Exercise details: Look through the data below and output, unchanged, every line from the one holding "Van Cleef &" through the one holding "Ottagono decorativo in", inclusive. Skip the pictures.

Given records:
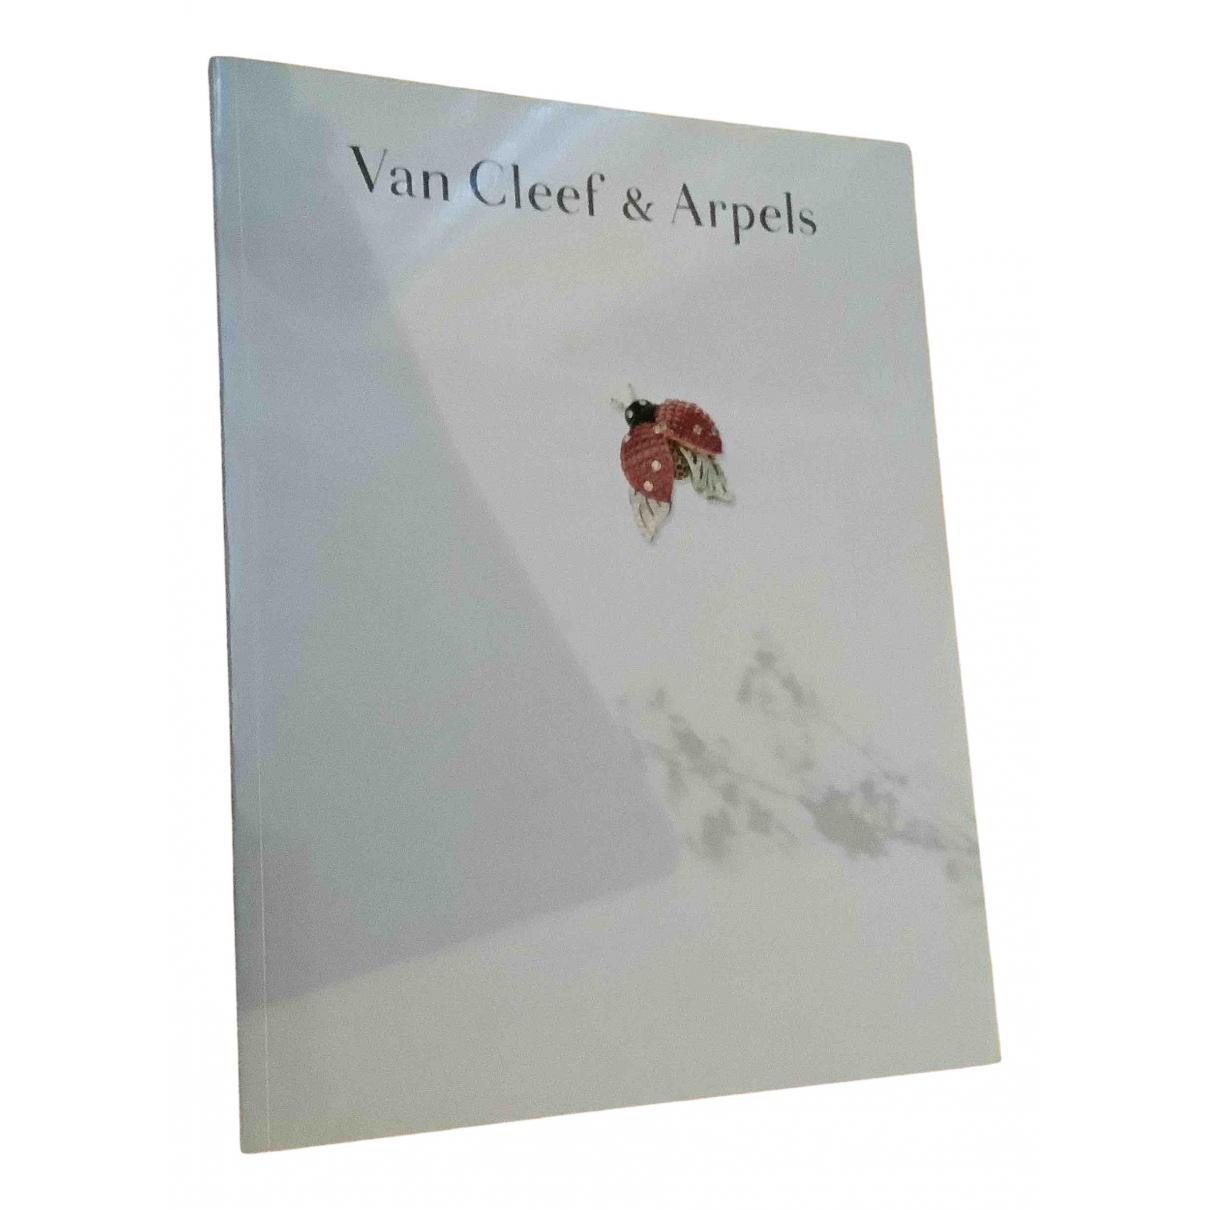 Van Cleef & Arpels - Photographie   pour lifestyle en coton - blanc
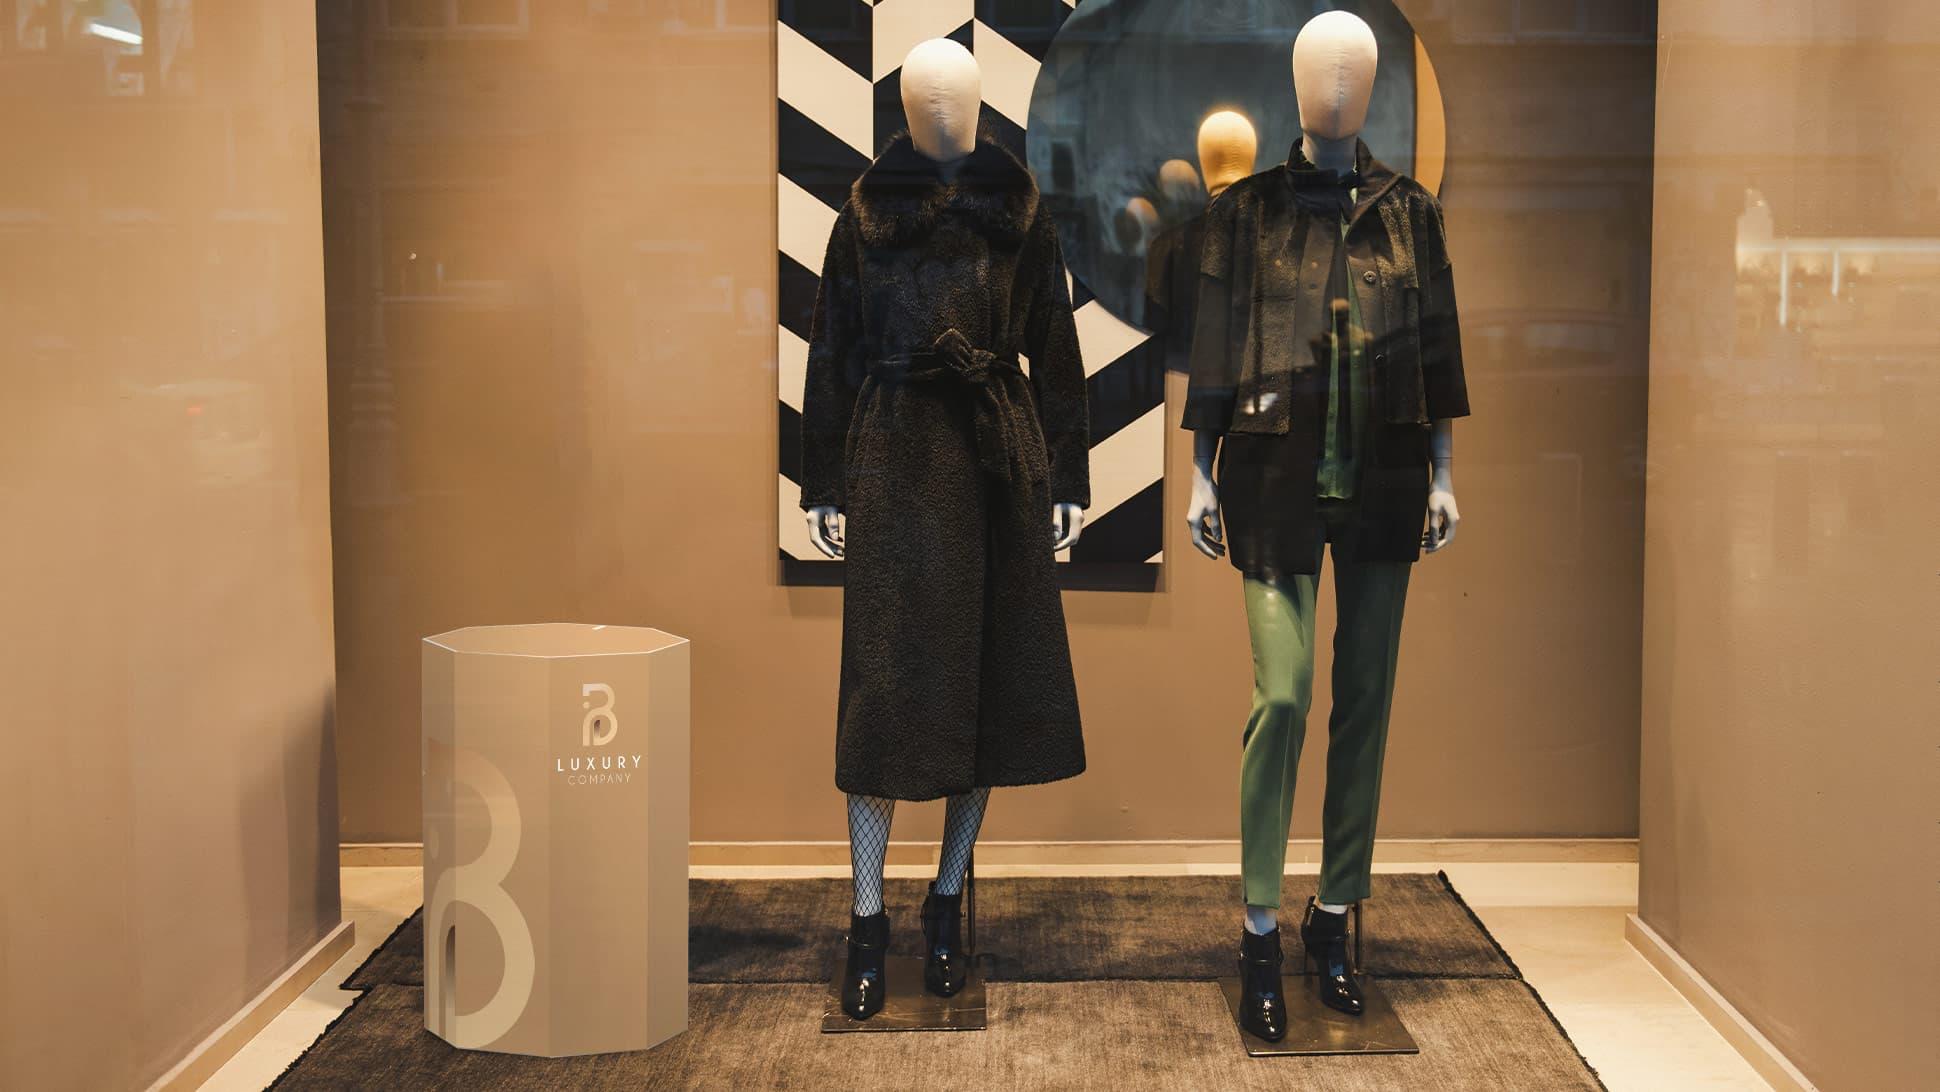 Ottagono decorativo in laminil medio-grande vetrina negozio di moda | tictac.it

...

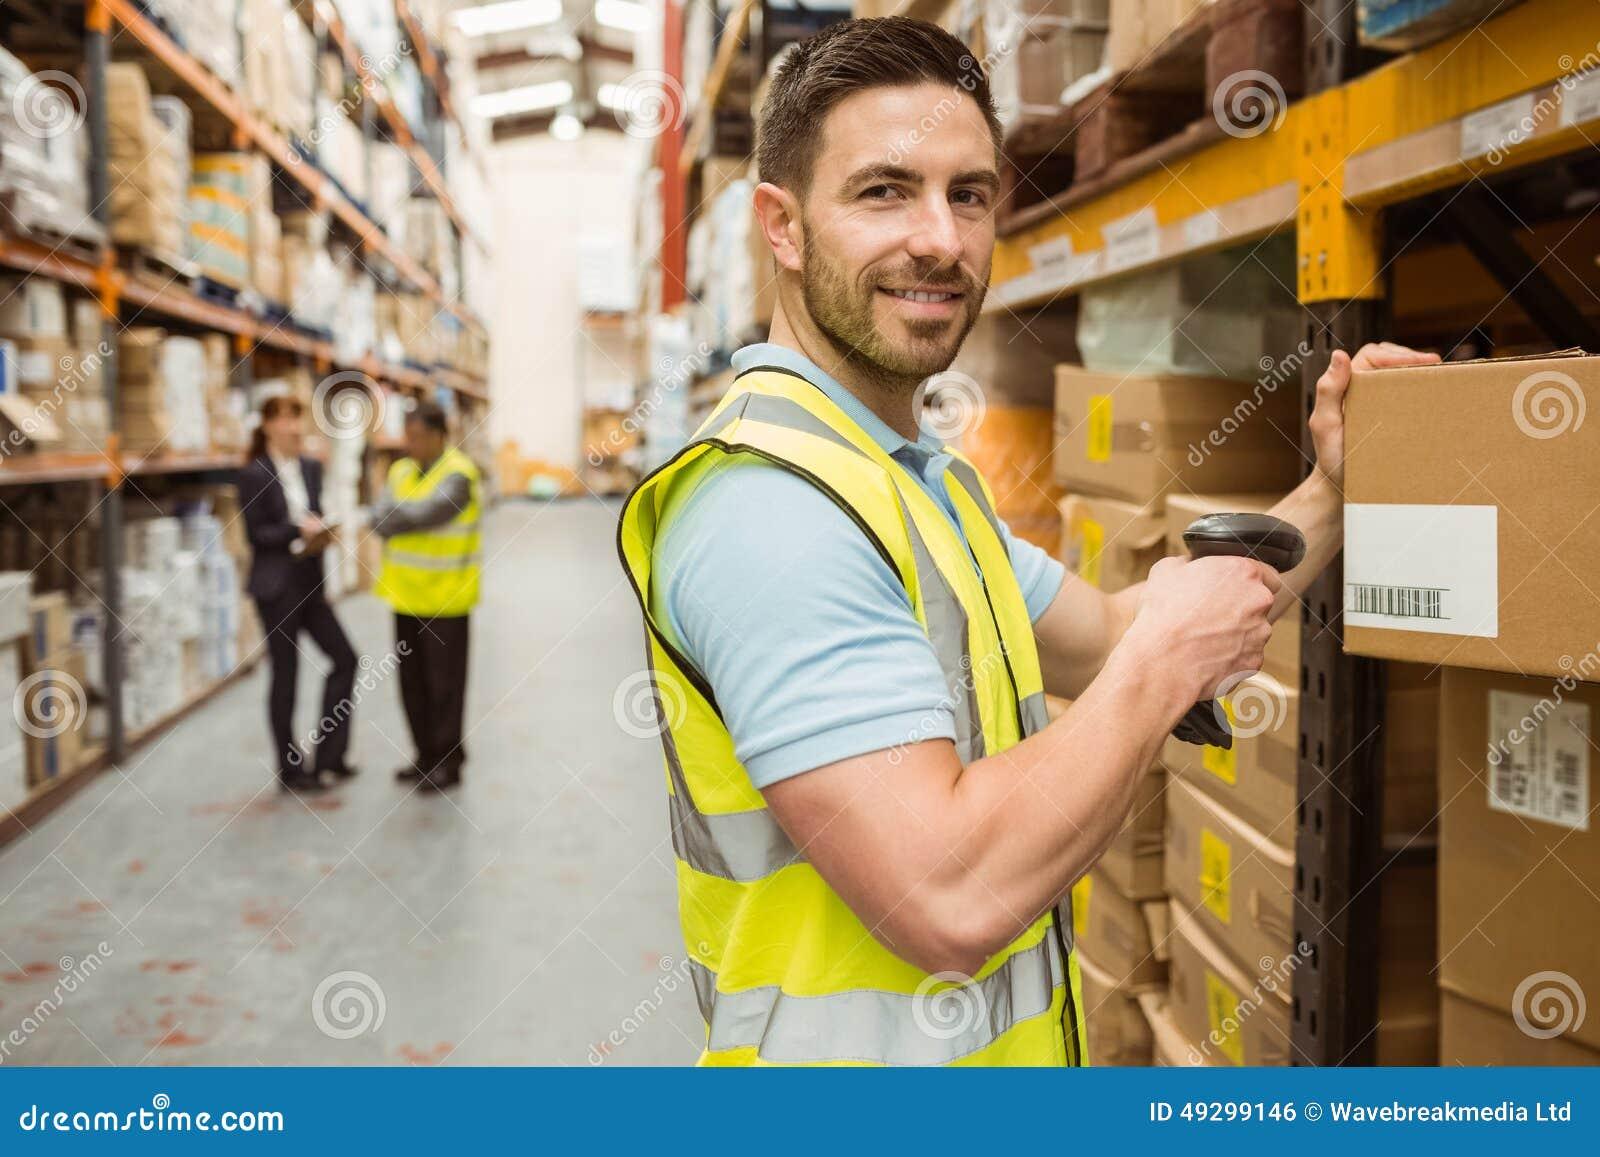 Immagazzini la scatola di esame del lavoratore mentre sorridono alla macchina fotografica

Exercise solution:
 Van Cleef & Arpels - Photographie   pour lifestyle en coton - blanc
 Ottagono decorativo in laminil medio-grande vetrina negozio di moda | tictac.it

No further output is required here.